Do expect some resistance. Especially if you finally break off the relationship. Expect them to be angry with you, say things to make you feel guilty, keep bombarding your phone with calls, texts and emails. They will intrude your personal space. Do not give in. You do not want to be stuck in this codependency loop forever.
Instead, draw the line. Be aware of your responsibility and keep communicating the boundaries repeatedly to the other party. Until they become aware of their own responsibility and stop resisting, do not stop. It is either they come to the realization that you have changed and they’ll have to, or they find another person to feed off on. Whatever, the outcome may be, make yourself your top priority and keep working on yourself.
Face your past
Developing codependency traits is not something that happens naturally, it is usually triggered by past traumatic experiences. Take a look at the events of your life, especially your childhood and teenage years. Abuse and neglect can make you develop codependency as a coping mechanism. It is what you have been exposed to. That is the only type of relationship you know how to be in.
It can be very painful and uncomfortable to dig up events from your past, but it has to be done if you want to get out of a codependent relationship. In order to completely heal and move forward, you might have to deal with your past.
There is a thin line between love and obsession. It is not easy to get out of a codependent relationship but when you do, that is not the end of the road. There is more work to be done. When you finally heal from a toxic relationship and decide to move on to the next, there may be signs of neediness the other person displays that might trigger your codependency habits.
You have to be aware of these habits. Pay close attention to yourself. Practise introspection from time to time. Notice how these obsessions show up. Ask yourself questions like: Am I going the extra mile to be with this person? Am I a codependent moving from one relationship to the other? Am I doing all the work? Is the other person as invested emotionally as I am?

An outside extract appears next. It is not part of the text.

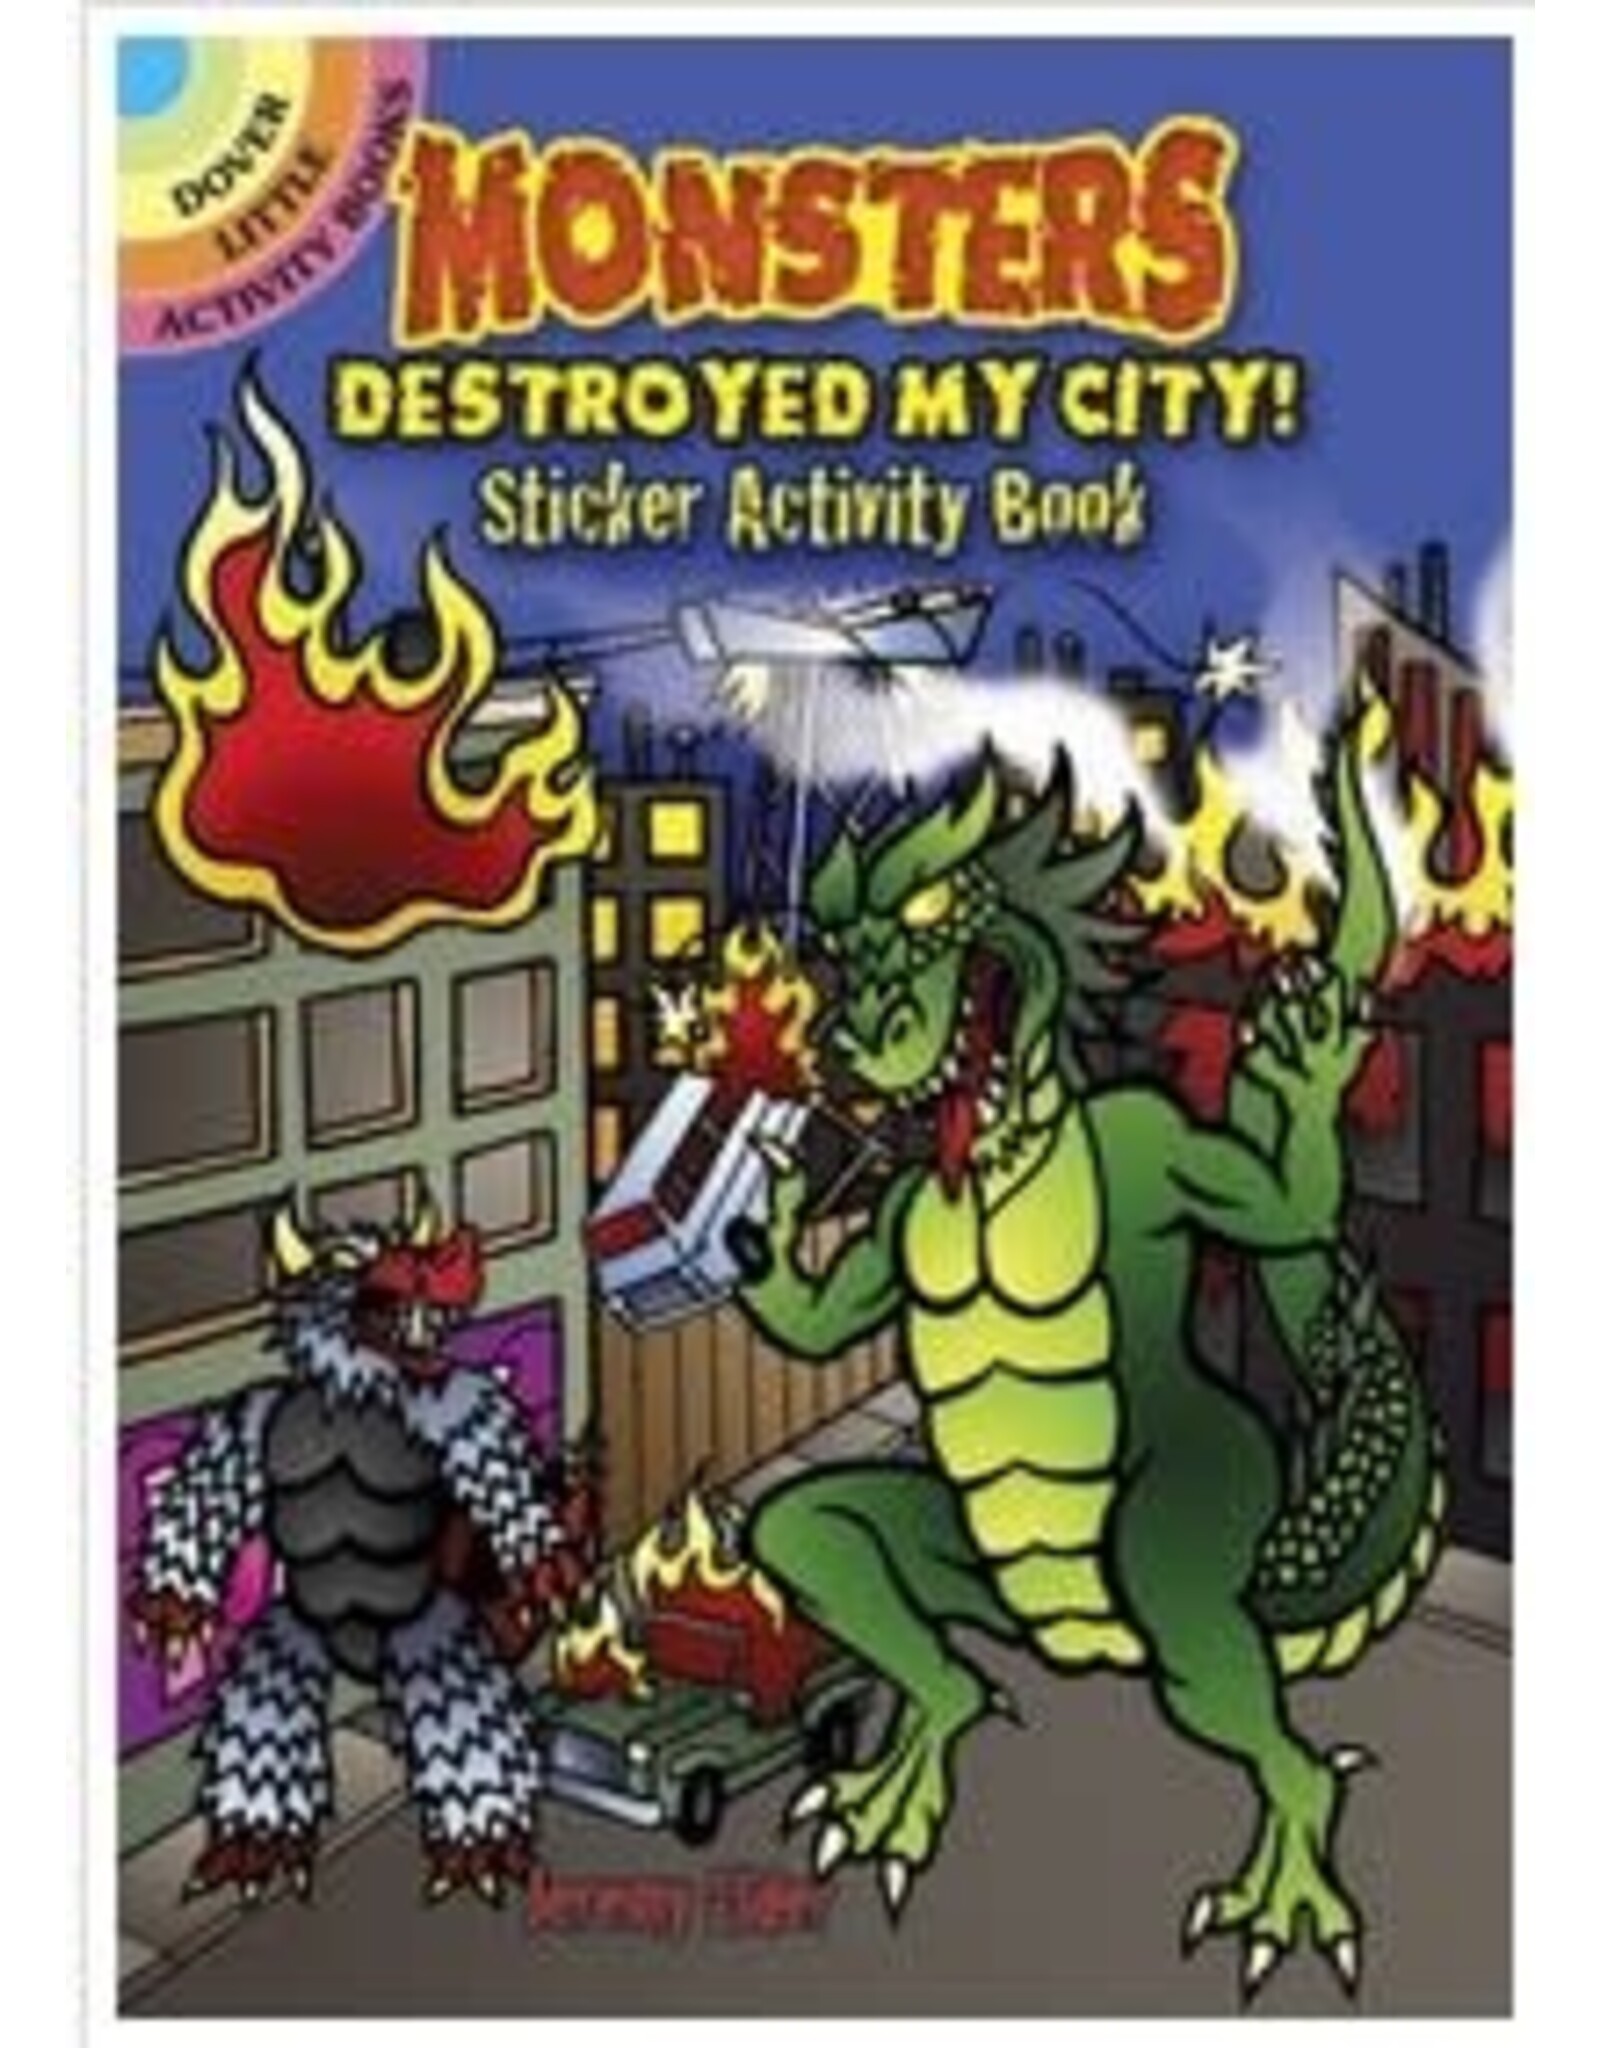 Dover Publications Monsters Destroyed My City! Sticker Activity Book by j elder
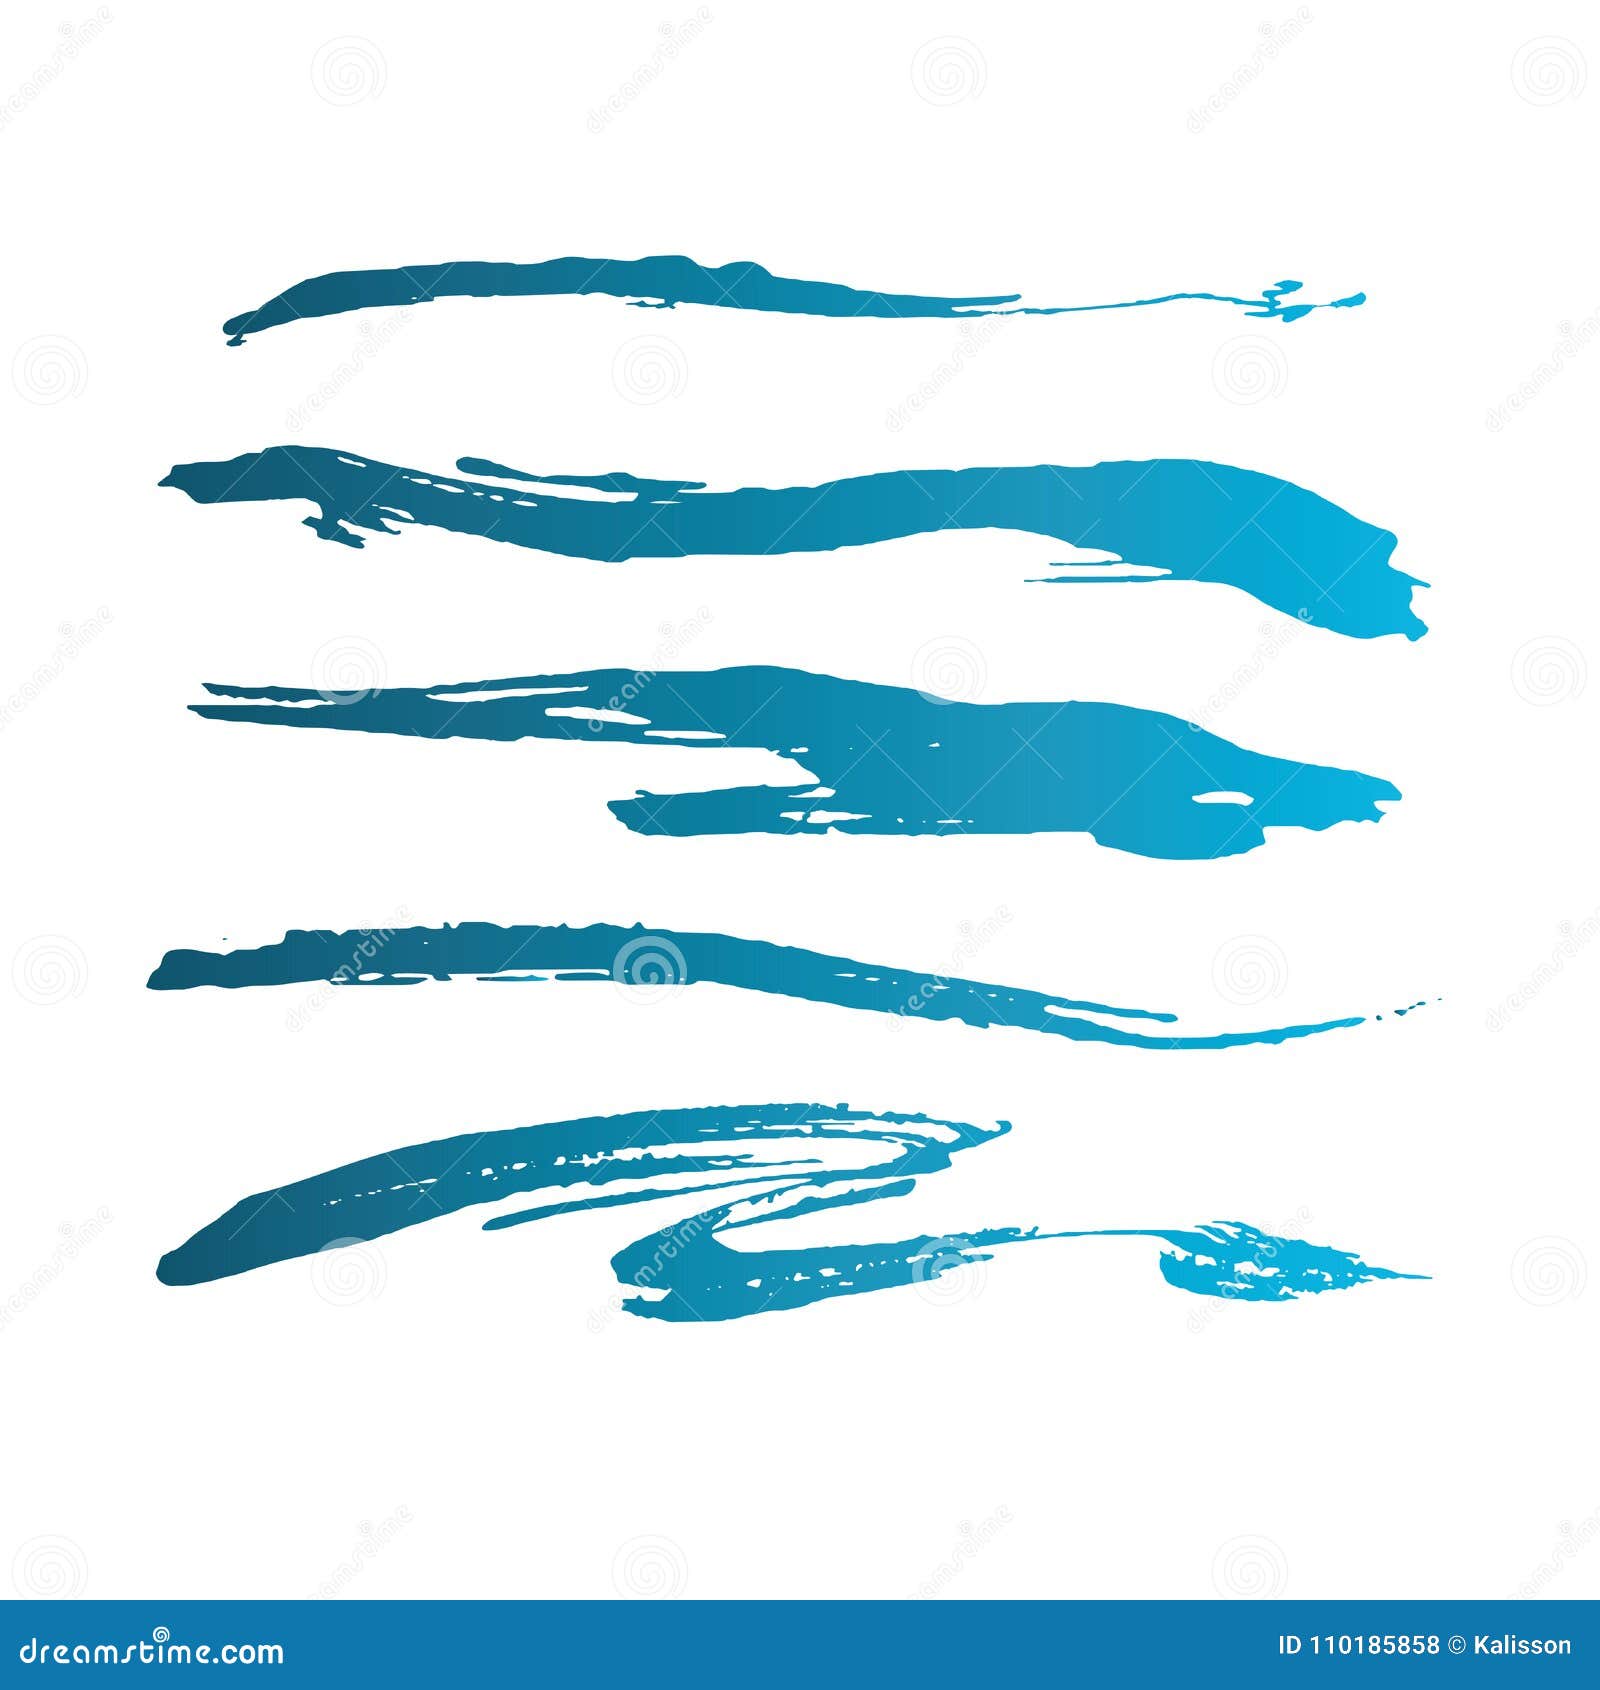 Blue abstract grunge curly brushes. Spring sea vector collection.

These are questions to ask yourself. Remember you can give out love and care without taking up their full responsibility and thinking about them all the time. Be mindful of the patterns. You don’t want to go from a codependent partner to being a codependent friend. It is very possible to break this cycle.
If you feel like you are stuck in codependency and can’t seem to get out of it, do not succumb to that feeling. It is important to know that you have the power. You have the capability to break the unhealthy cycle. You can develop healthier relationships with people. You can overcome codependency!
Intentionally working on yourself, giving more attention to self-care and making yourself your topmost priority will help you get back to your feet. Learn to be more independent, set healthy boundaries in your relationships and watch yourself build and develop more healthy relationships.